You can find the parameters of the predict command by running the following command:

ai2-kit feat nmrnet predict --help

To run the tool, you need to prepare extra files for the following parameters:

  • model_path: NMRNet model file.
  • dict_path: NMRNet dictionary file.
  • scaler_path: Scaler file, for example target_scaler.ss.
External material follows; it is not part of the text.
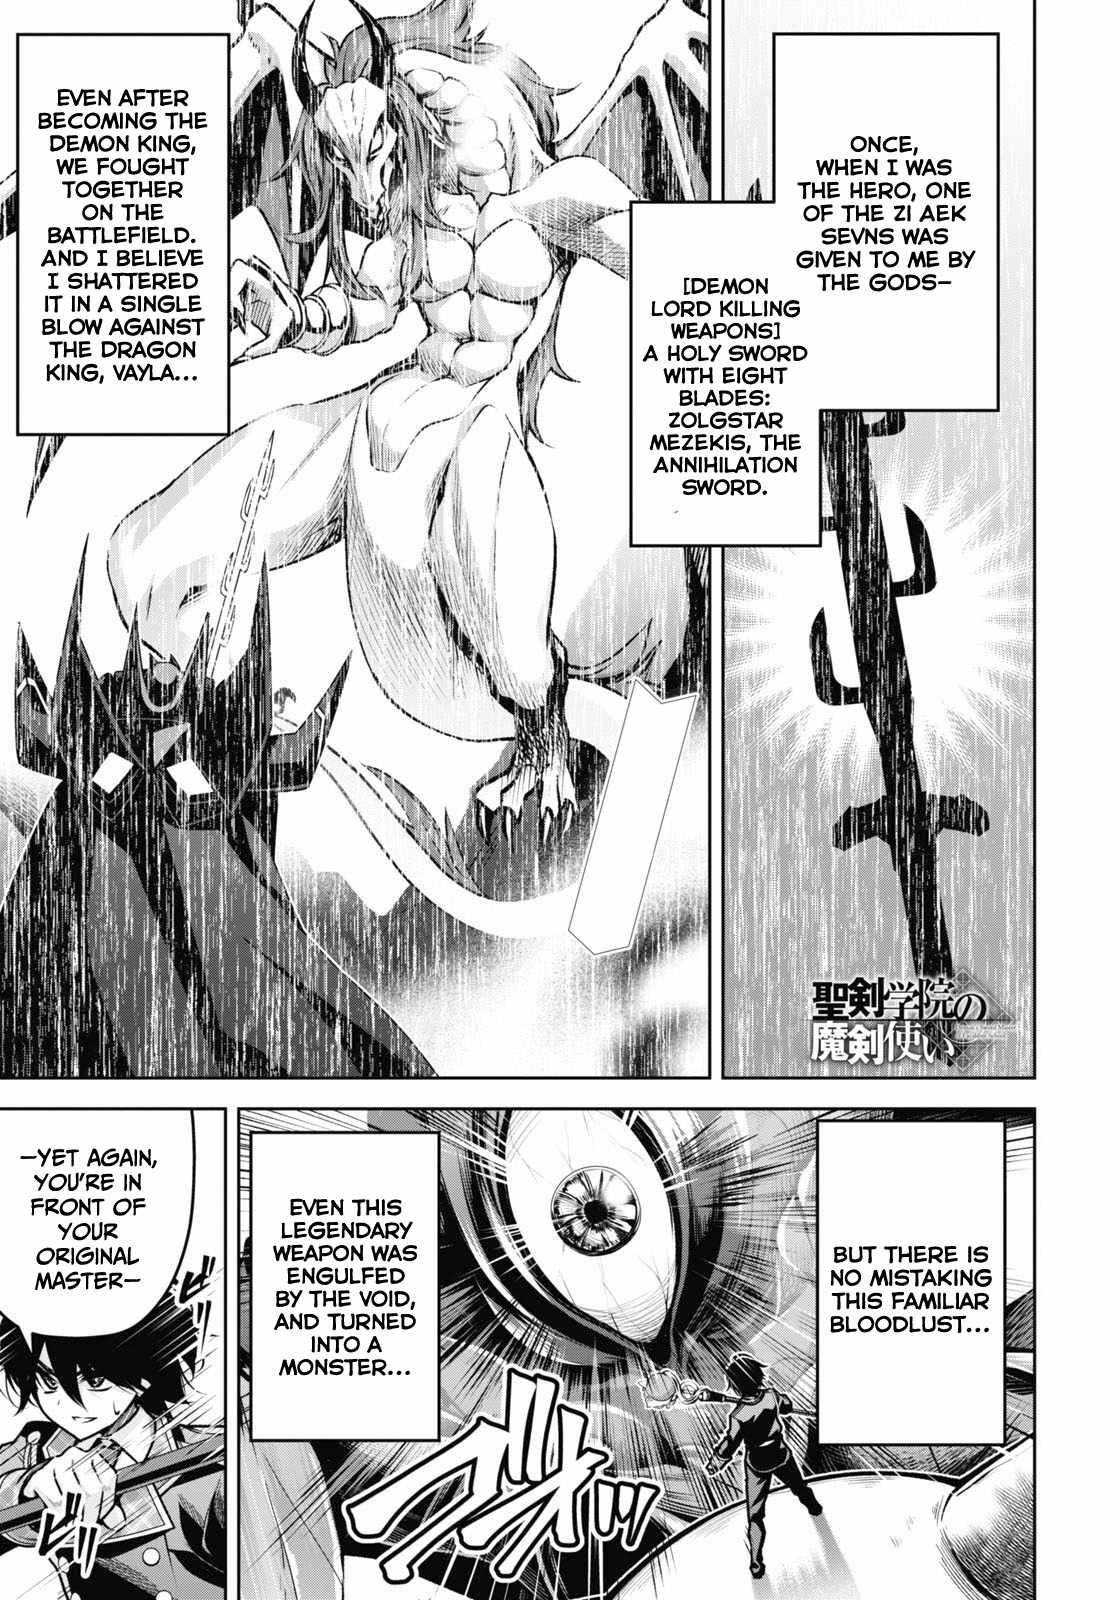 Demon's Sword Master Of Excalibur School - Page 2
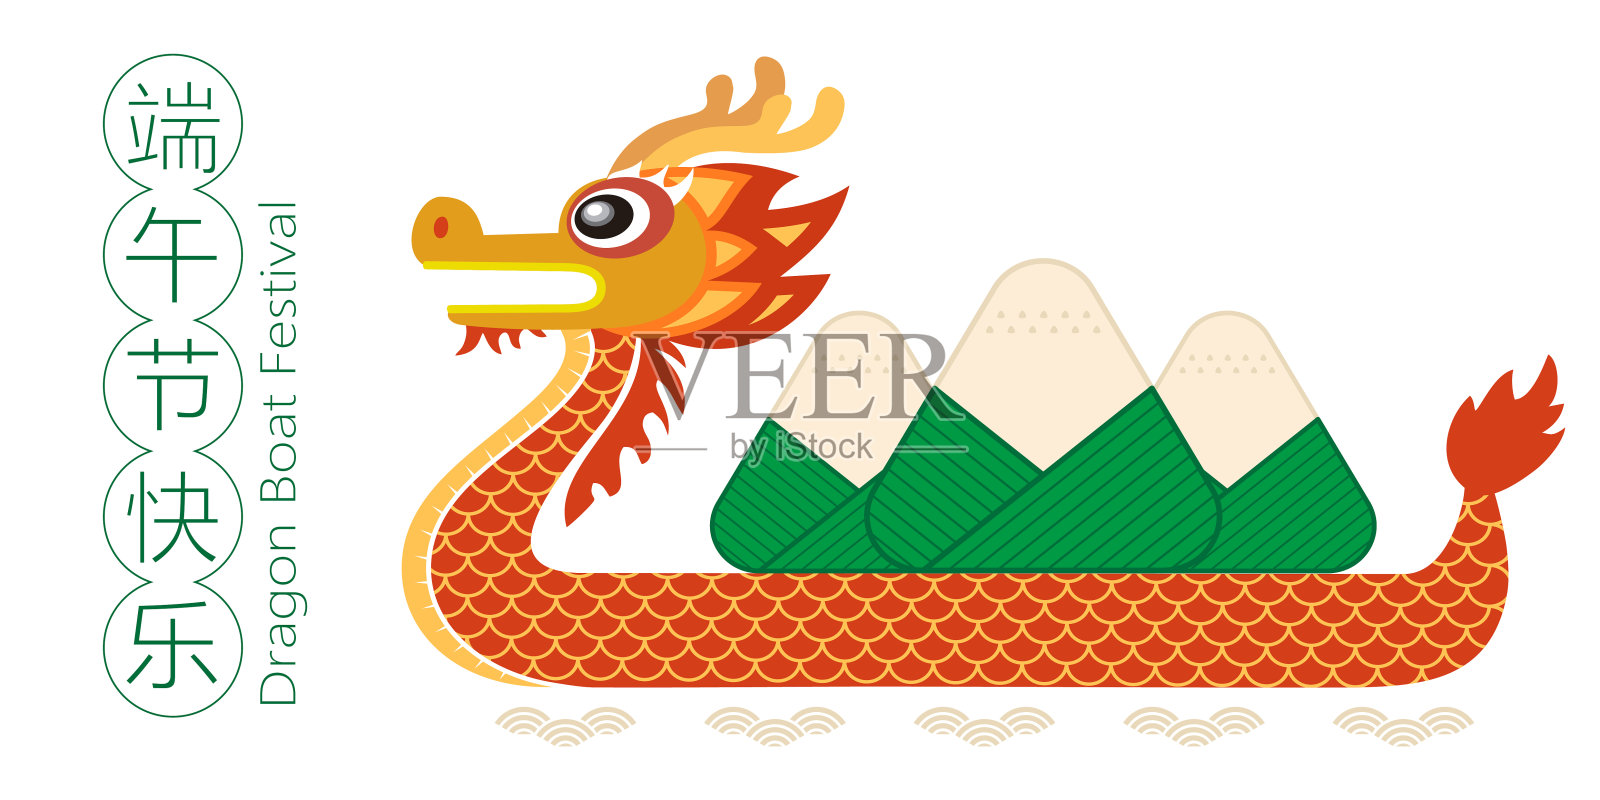 Chinese traditional festival - Dragon Boat Festival illustration, dragon boat and rice dumpling illustration设计模板素材

An example of running the tool is as follows:

ai2-kit feat nmrnet predict \
    --model_path ./weight/cv_seed_42_fold_0/checkpoint_best.pt \
    --dict_path  ./weight/oc_limit_dict.txt \
    --scaler_path ./weight/target_scaler.ss \
    --nmr_type solid --selected_atom H \
    --data_file tmp/nmr-demo.xyz

The above command will predict the NMR of the 'selected_atom' atom in the 'data_file' file. The prediction result will be printed to stdout, and the chemical shifts will be displayed in the same order as the corresponding atoms in the xyz file. And then you can follow it with a demo result like this:

[25.572277 29.441292 29.615028 29.896814 29.590061 30.400713 29.576017
 15.920061 29.084885 29.069242 28.565197 28.77764  28.510954 28.849863
 14.738946 24.312784]

Citation

  1. Xu F, Guo W, Wang F, et al. Towards a Unified Benchmark and Framework for Deep Learning-Based Prediction of Nuclear Magnetic Resonance Chemical Shifts[J]. arXiv preprint arXiv:2408.15681, 2024.

Note: Our work has recently been accepted by Nature Computational Science, and we will update the reference once it is published.